__Activity__.
Exact transcription, pictures omitted: reproduce the listing below.

__Information provided__.

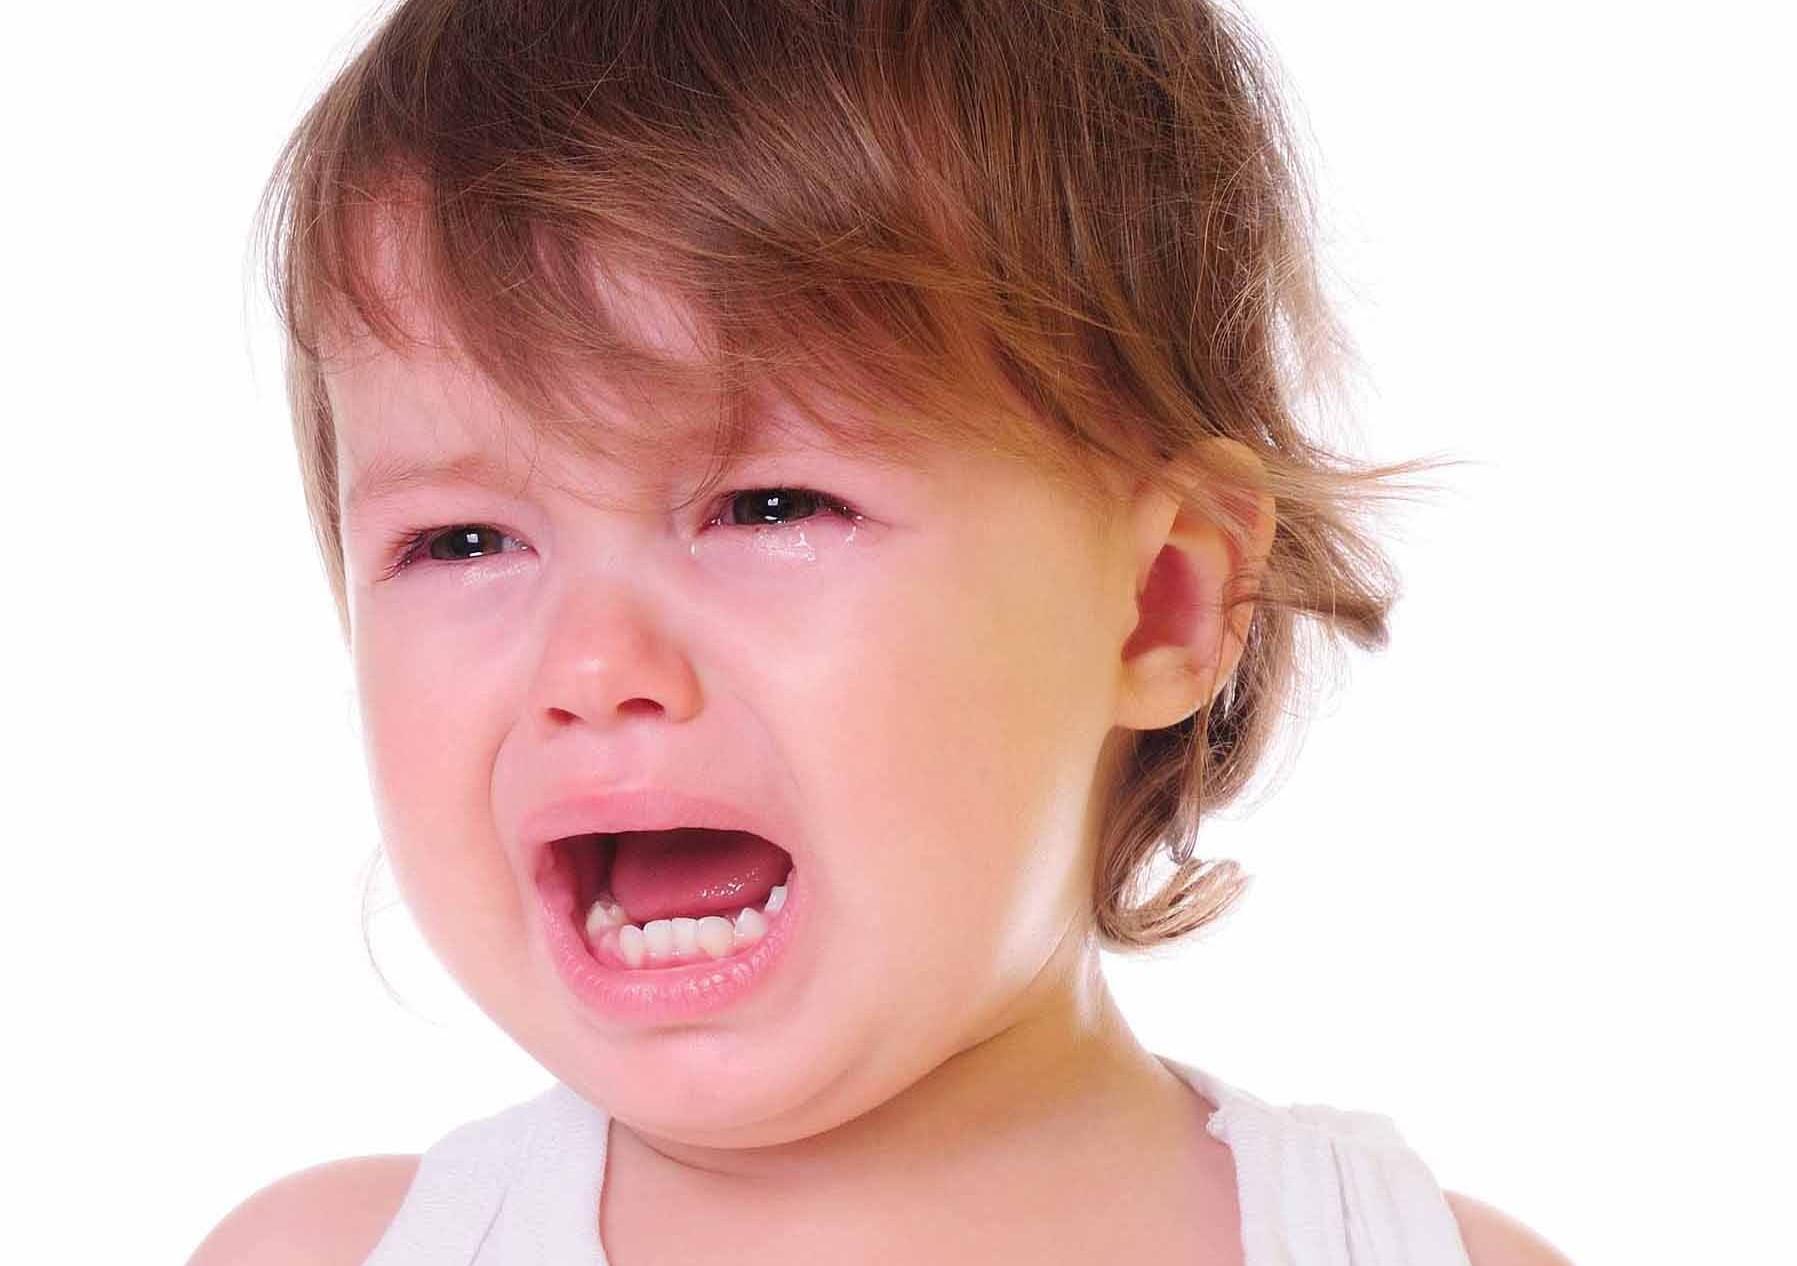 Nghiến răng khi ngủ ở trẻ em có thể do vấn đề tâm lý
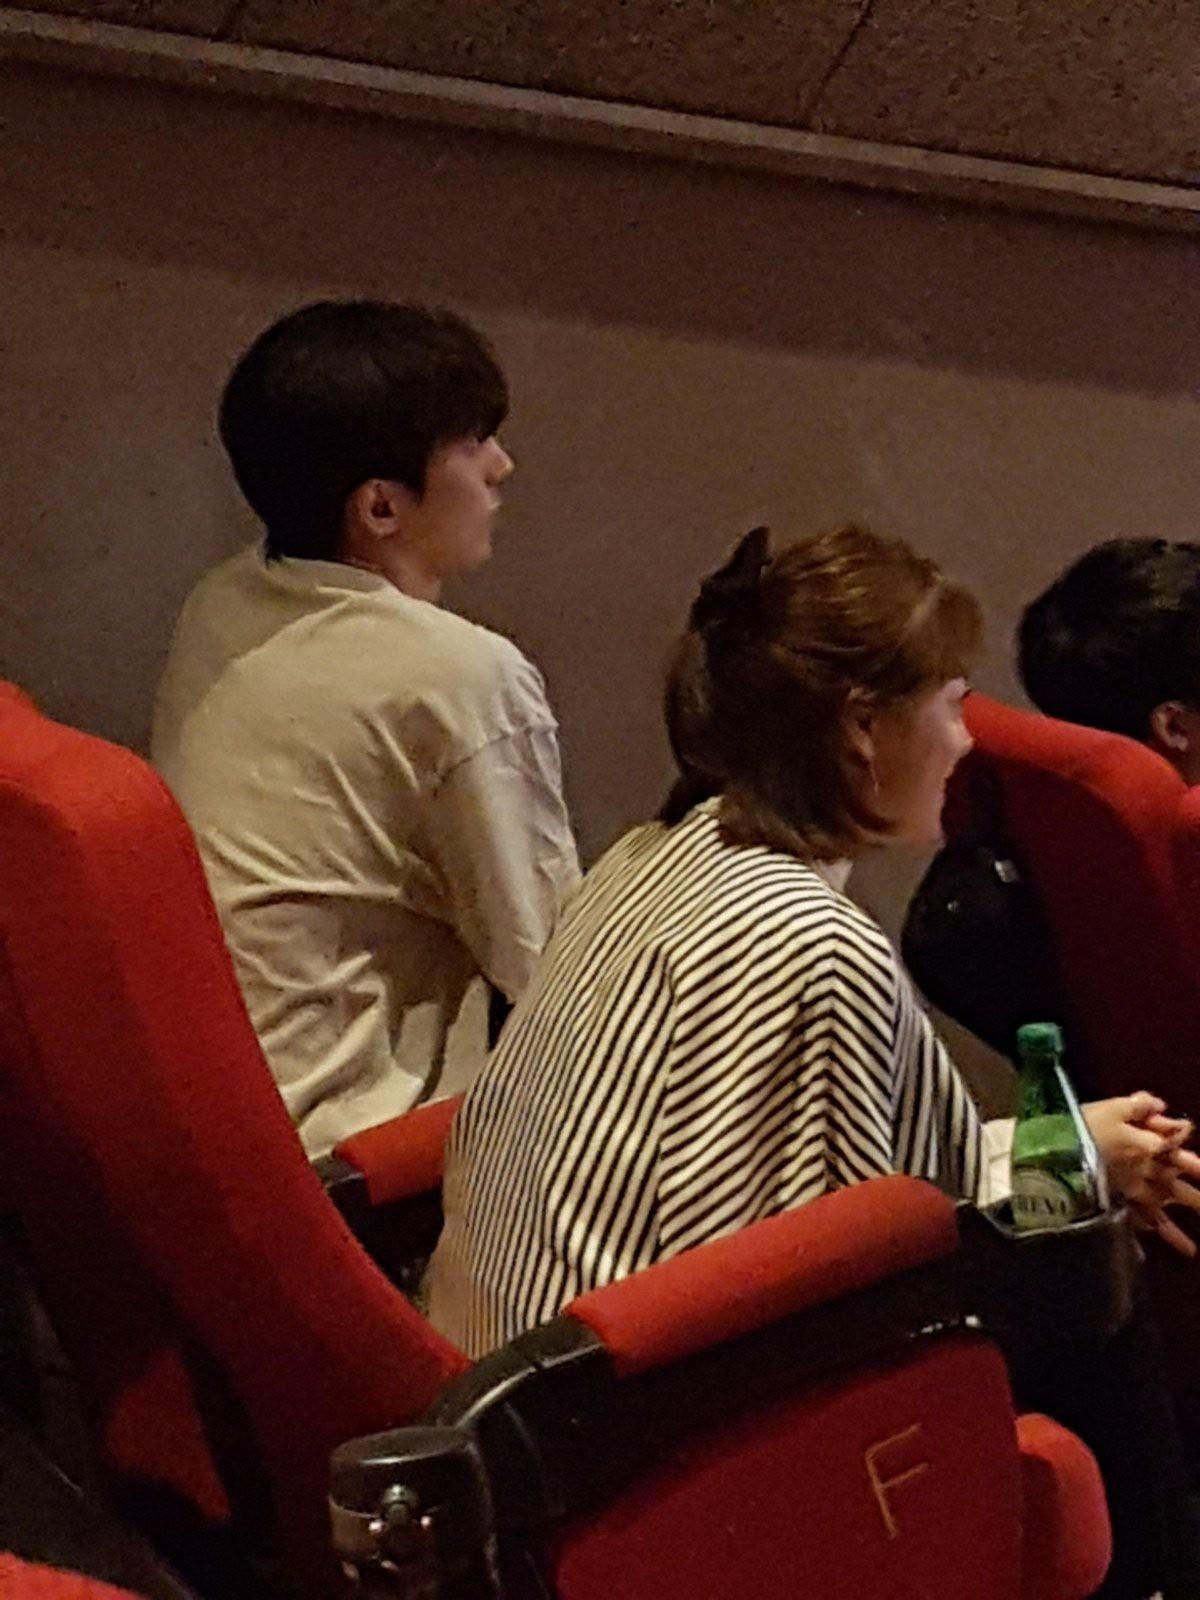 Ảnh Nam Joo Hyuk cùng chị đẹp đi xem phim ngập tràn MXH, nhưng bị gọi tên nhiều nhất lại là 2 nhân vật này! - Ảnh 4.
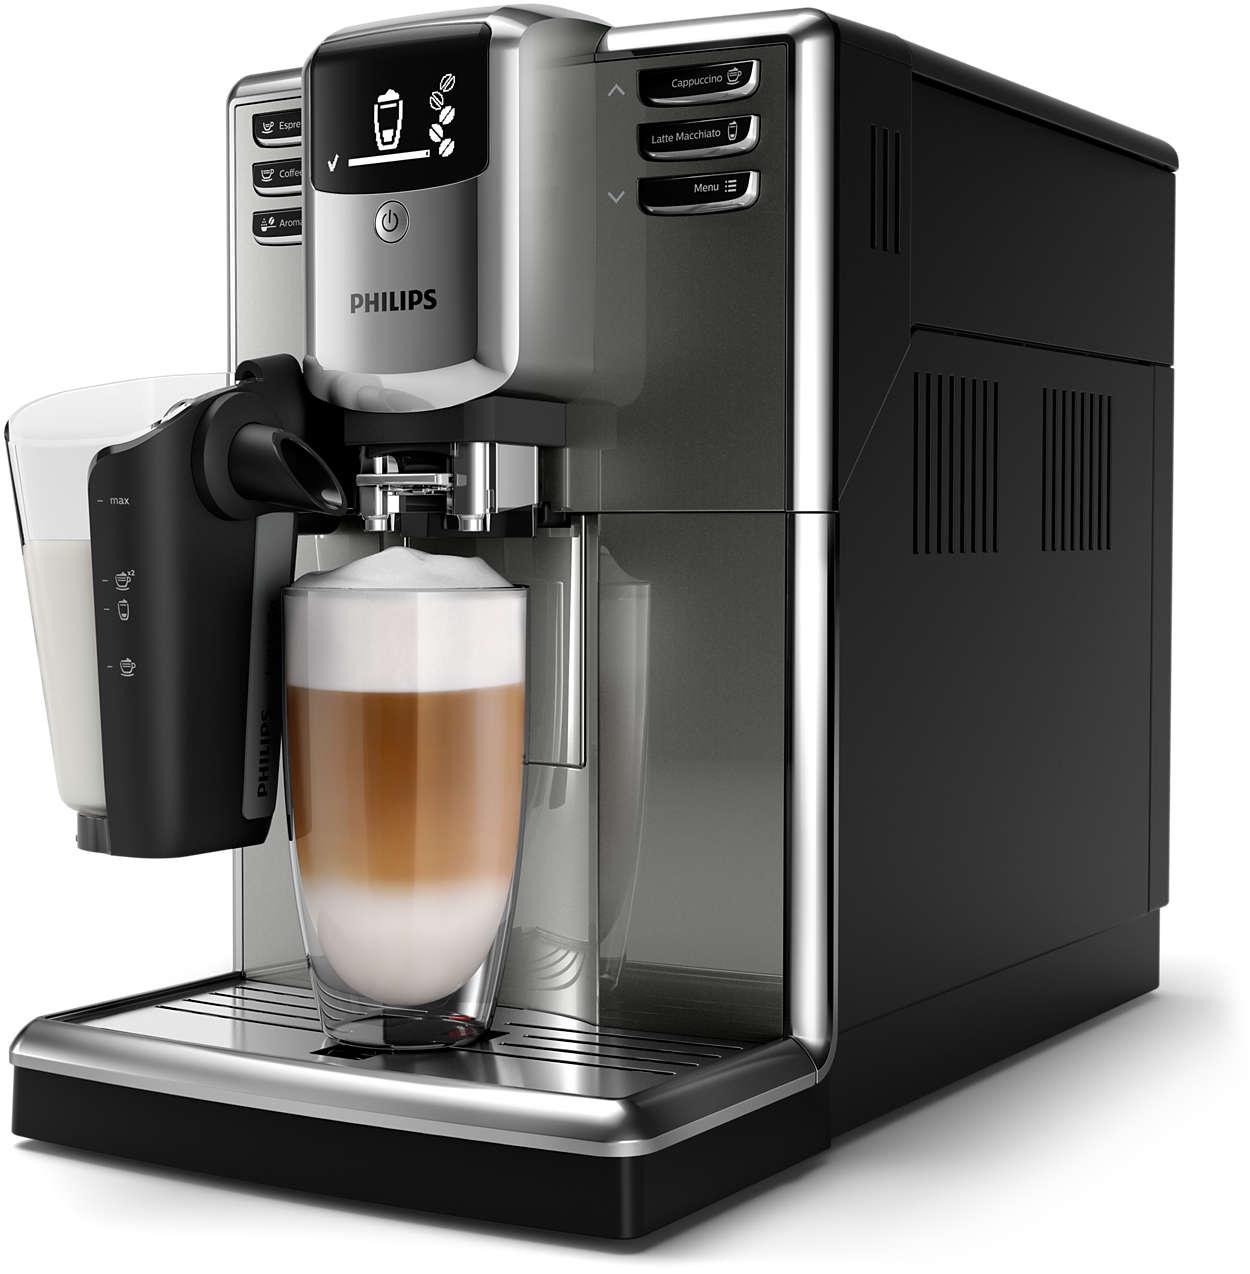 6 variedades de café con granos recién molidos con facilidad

__Expected answer__.
 Nghiến răng khi ngủ ở trẻ em có thể do vấn đề tâm lý
 Ảnh Nam Joo Hyuk cùng chị đẹp đi xem phim ngập tràn MXH, nhưng bị gọi tên nhiều nhất lại là 2 nhân vật này! - Ảnh 4.
 6 variedades de café con granos recién molidos con facilidad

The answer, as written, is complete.